To make sauce: Slice leeks into ¼-inch rounds. Sweat in olive oil until nice and soft but not colored. When the leeks are nice and buttery, add sliced garlic. Cook 1–2 more minutes. Add cream and reduce by half. Add vegetable stock to thin out the sauce. This is how you make a light cream sauce that actually has flavor without killing your stomach. Add blanched chopped nettles and simmer together 10 more minutes. Finish with chopped thyme and any remaining nettle liquid.
To assemble: In heavily salted boiling water, cook the pasta until it’s perfect. This happens fast, but not as fast as most people think. Toss with nettle cream sauce.

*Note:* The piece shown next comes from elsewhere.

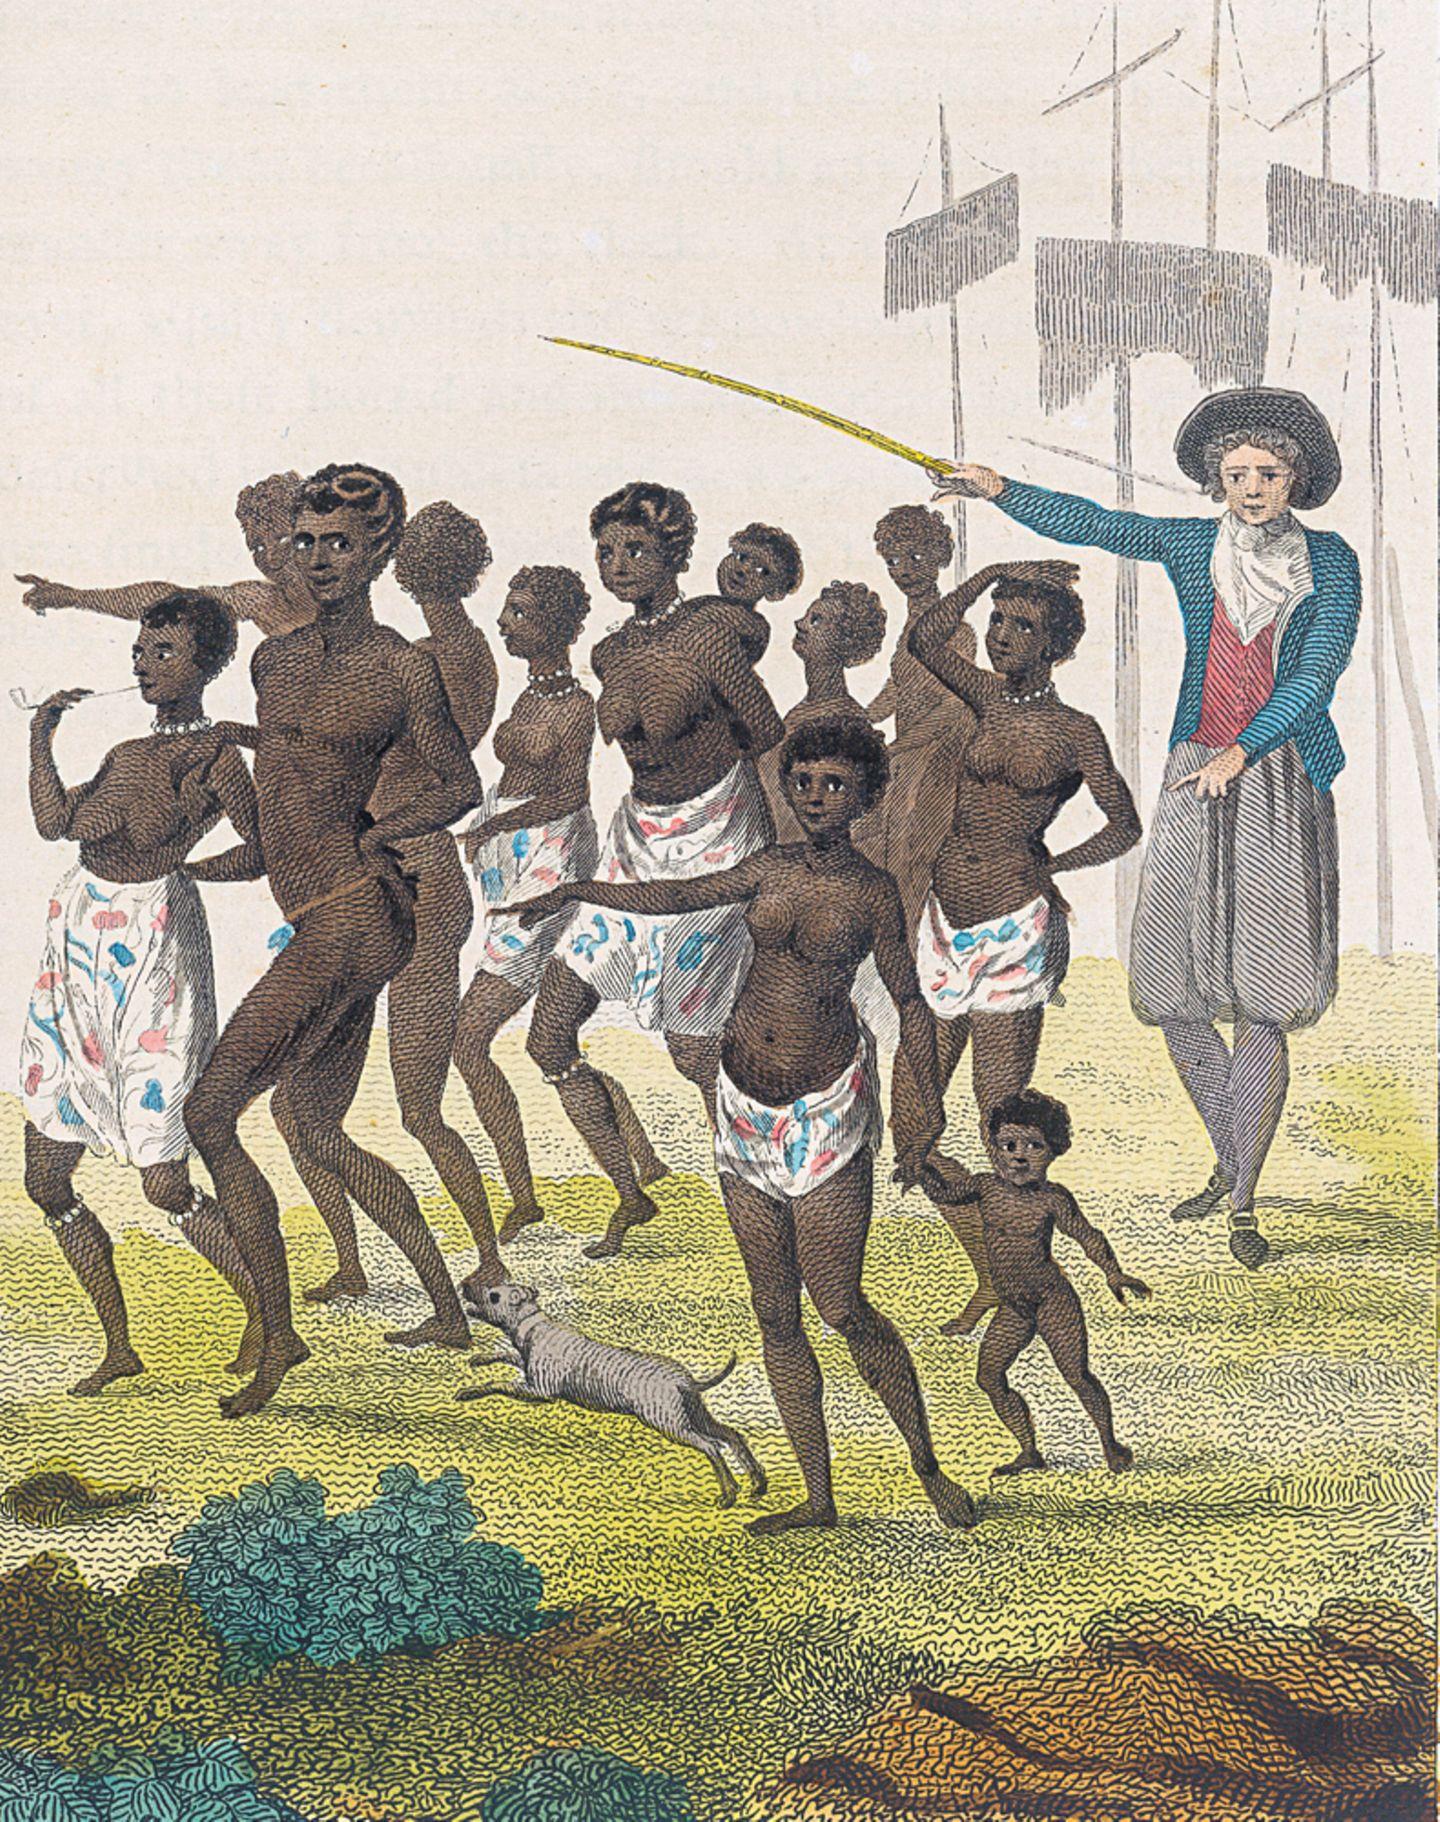 Kolonialverbrechen

Cook one more minute to finish the pasta in the sauce, then plate.
Garnish with porcini oil and Roman-style breadcrumbs toasted with Meyer lemon.
4 ounces high performer pasta flour 4 ounces semolina 1 farm egg 1–2 bunches nettles 2 ounces nettle water from blanched, strained nettles* Leeks Garlic Cream Vegetable stock Thyme Porcini oil Roman-style breadcrumbs toasted with Meyer lemon**
*See soup recipe on p. 22 for notes on blanching the nettles
** To make breadcrumbs: Pulse day-old bread in a food processor until it resembles crumbs. Heat oil in a large frying pan and fry pulsed bread until golden. Add a little more oil as well as garlic and Meyer lemon zest. Finish in oven until slightly more golden brown and crisp.